***** INFORMATION SUPPLIED *****

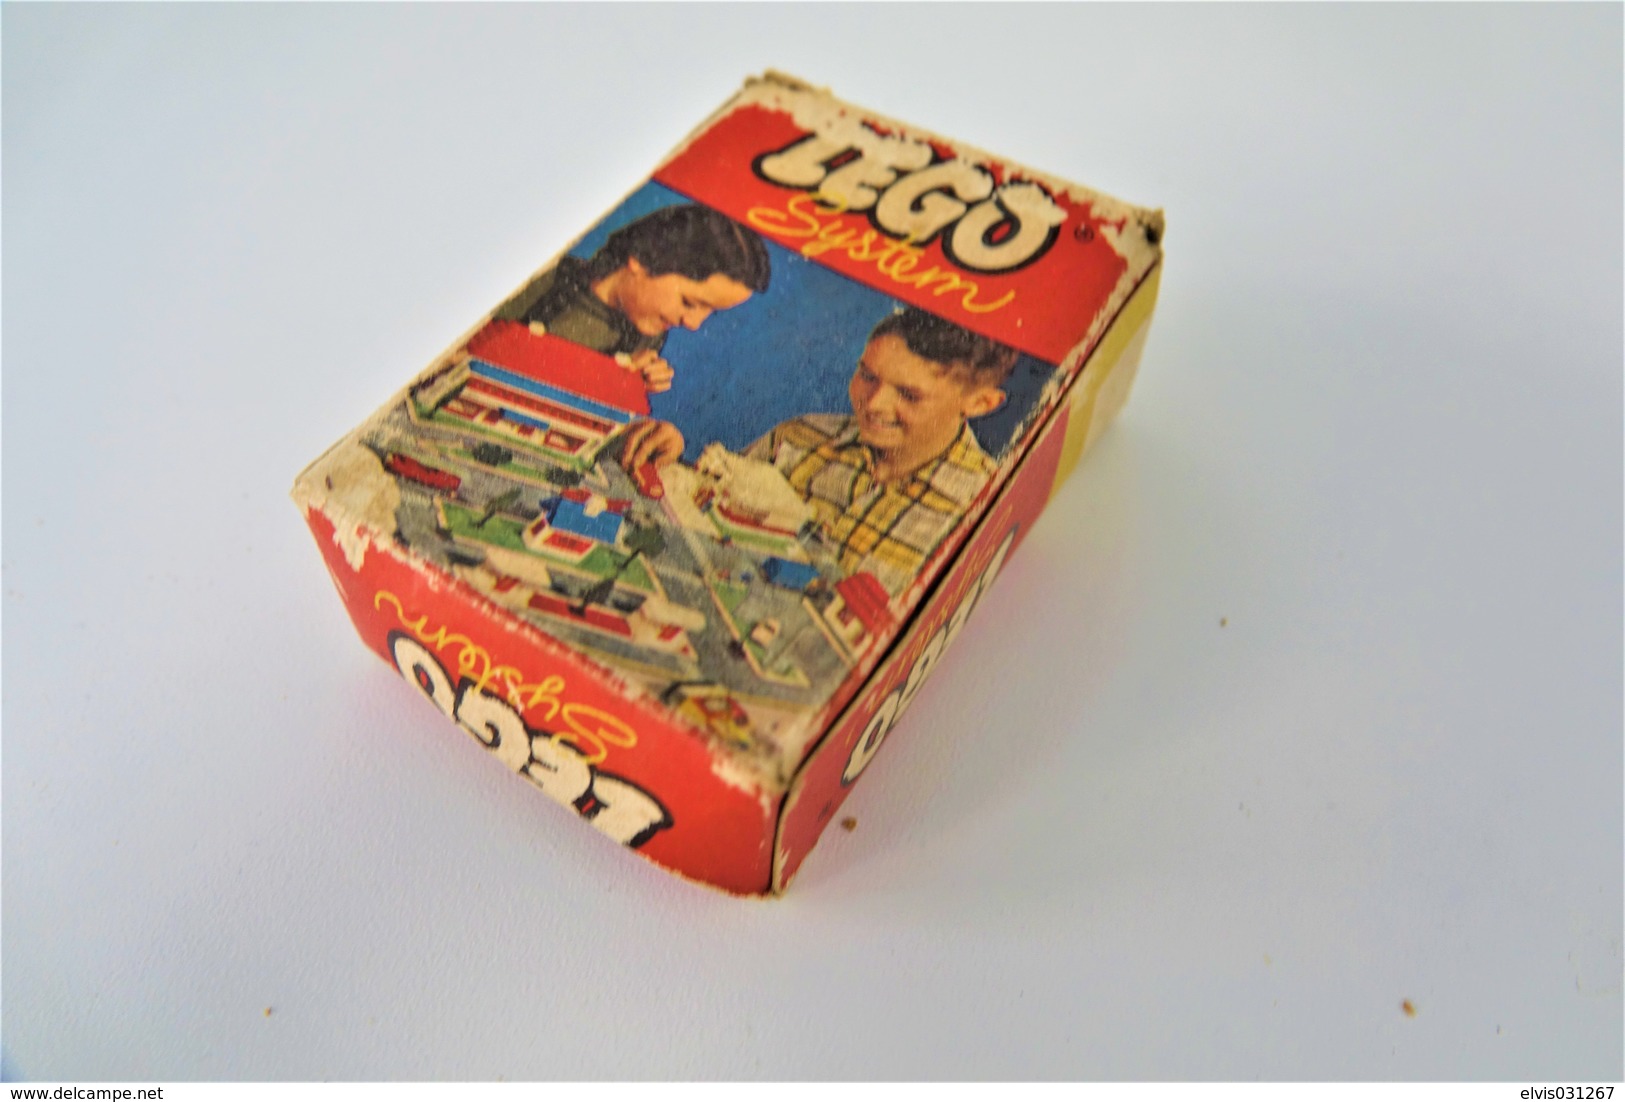 LEGO - 223 System 1 X 1 Round Bricks - Original Lego 1958 - Vintage - Catalogues
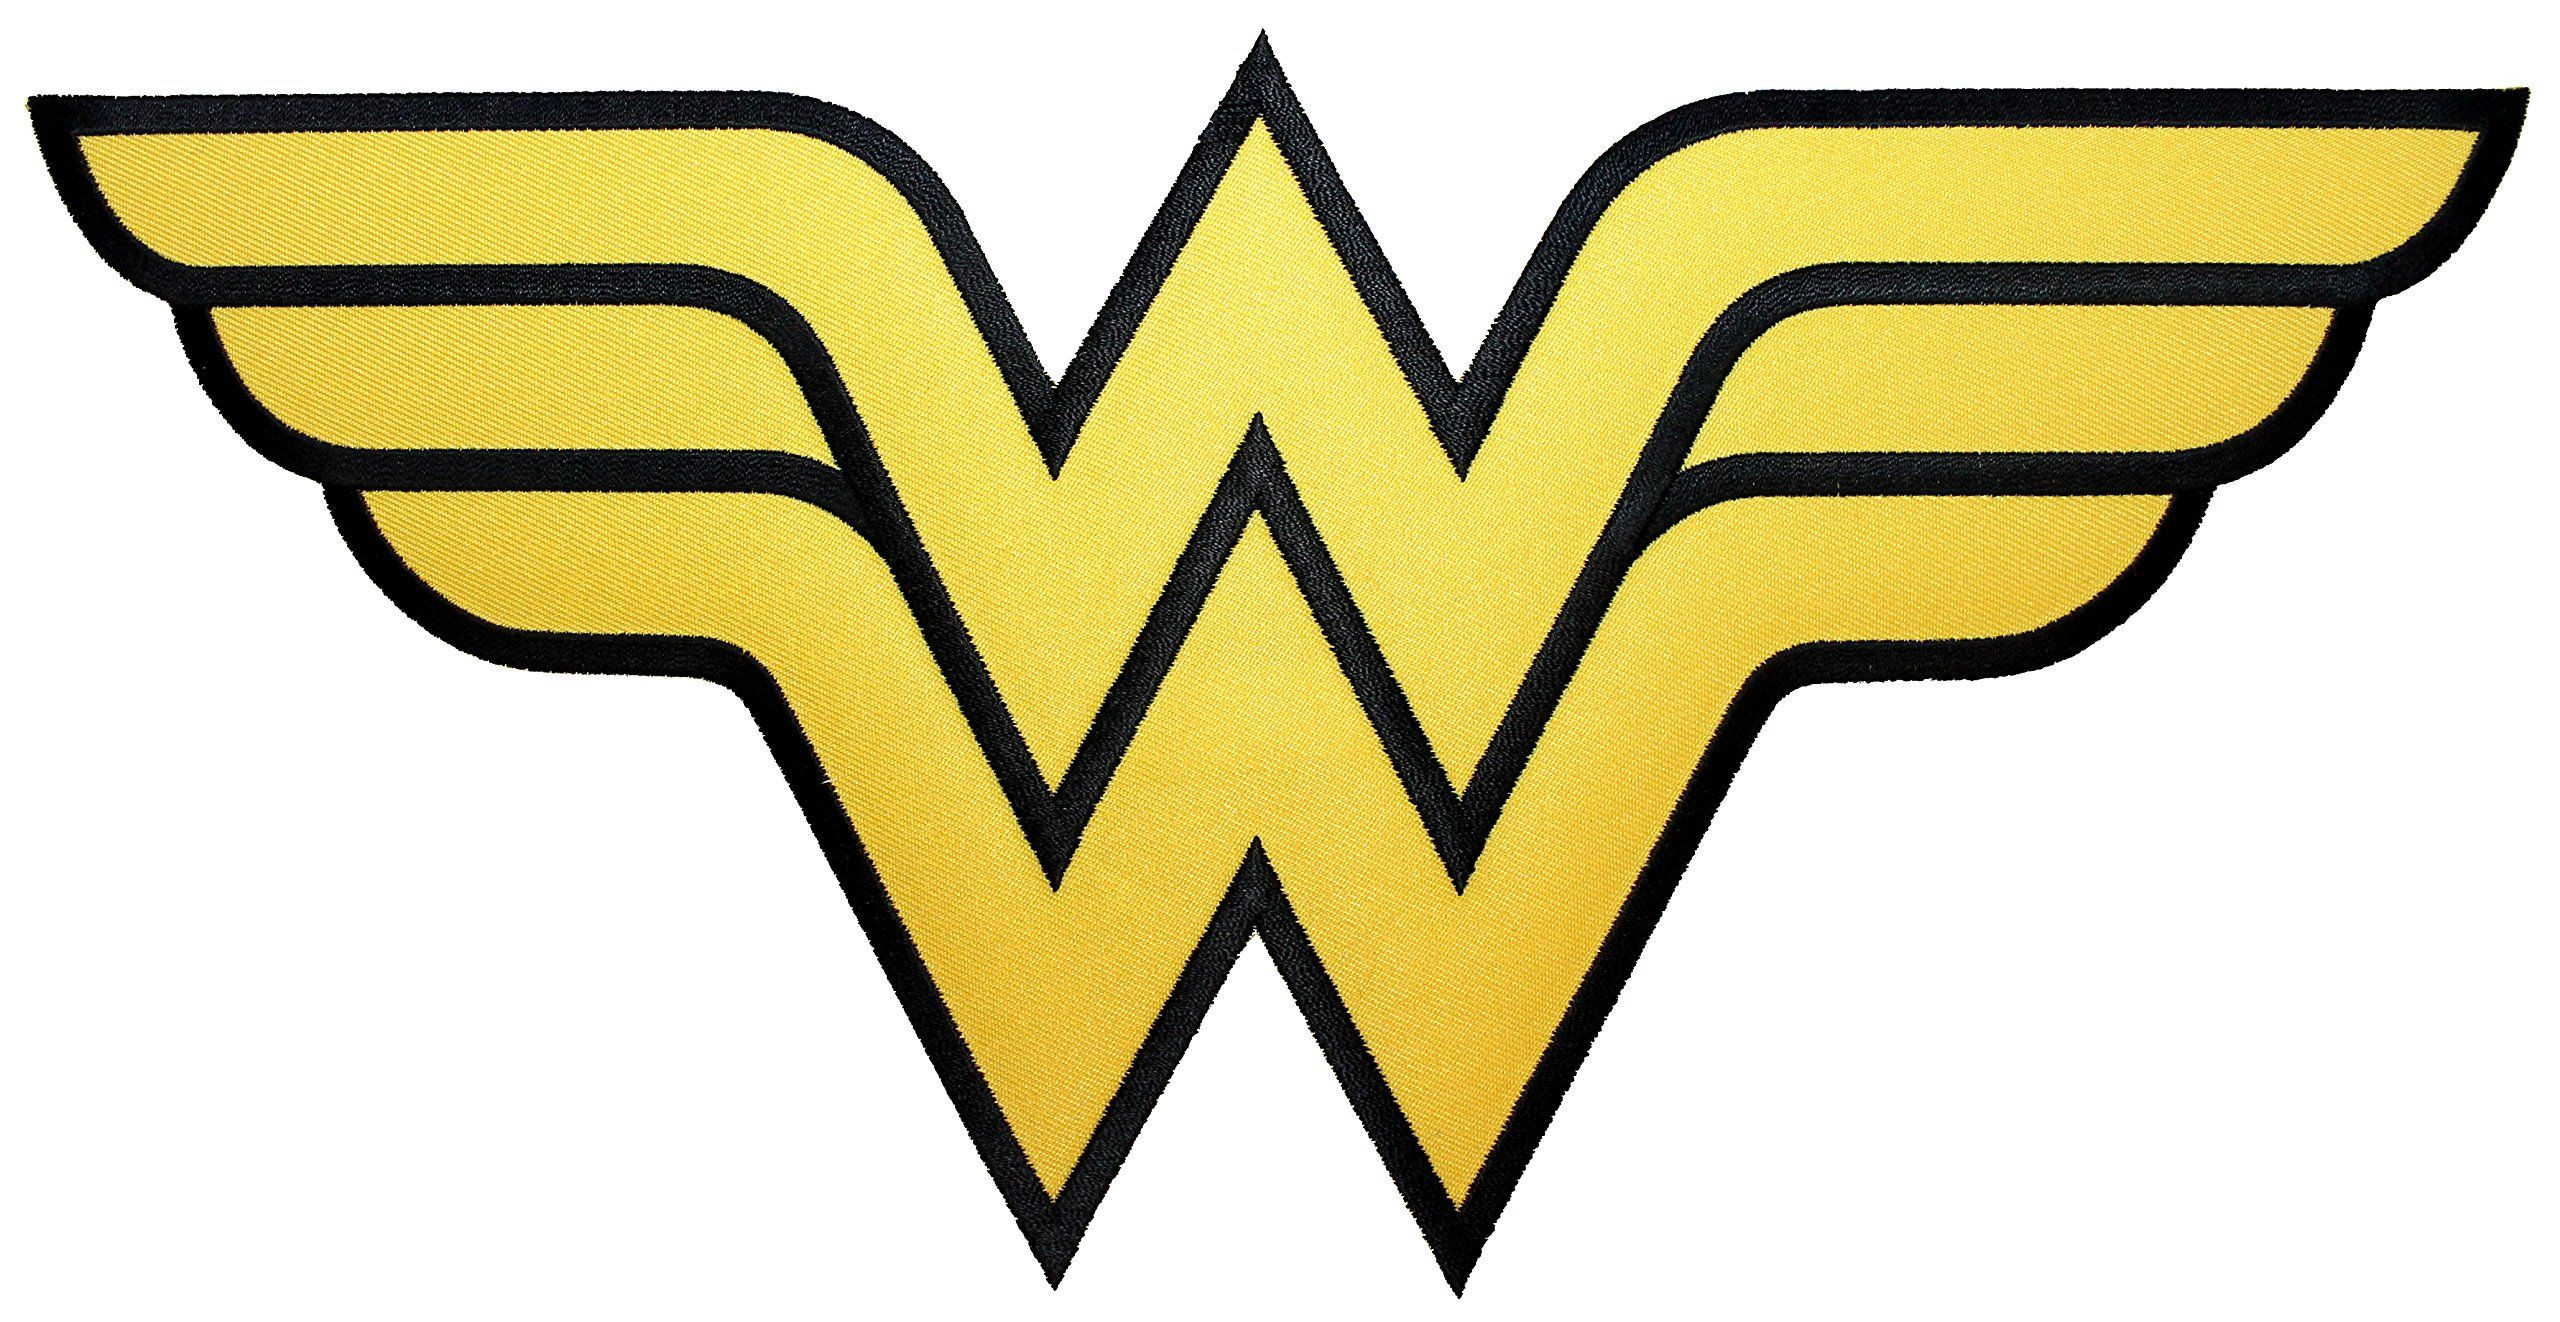 Wonder Woman Silhouette SVG Free
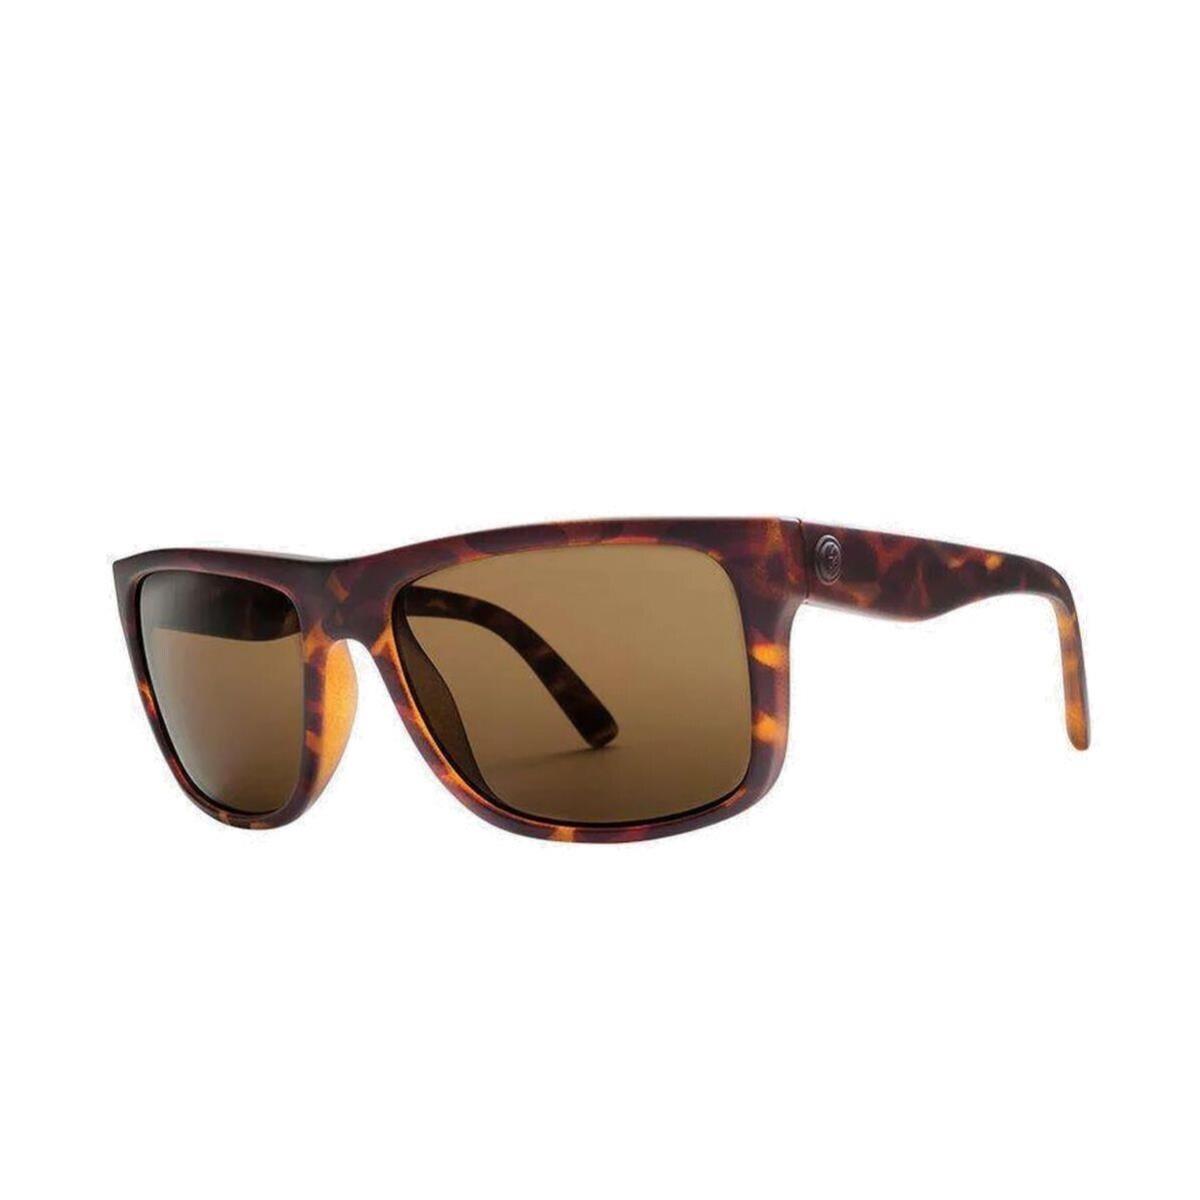 Electric Swingarm XL Sunglasses Matte Tortoise with Bronze Polarized Lens - Frame: , Lens:

*****

PROBLEM DESCRIPTION | For the material above, repeat each line exactly and leave out the pictures.

TASK RESULT |
 LEGO - 223 System 1 X 1 Round Bricks - Original Lego 1958 - Vintage - Catalogues
 Wonder Woman Silhouette SVG Free
 Electric Swingarm XL Sunglasses Matte Tortoise with Bronze Polarized Lens - Frame: , Lens:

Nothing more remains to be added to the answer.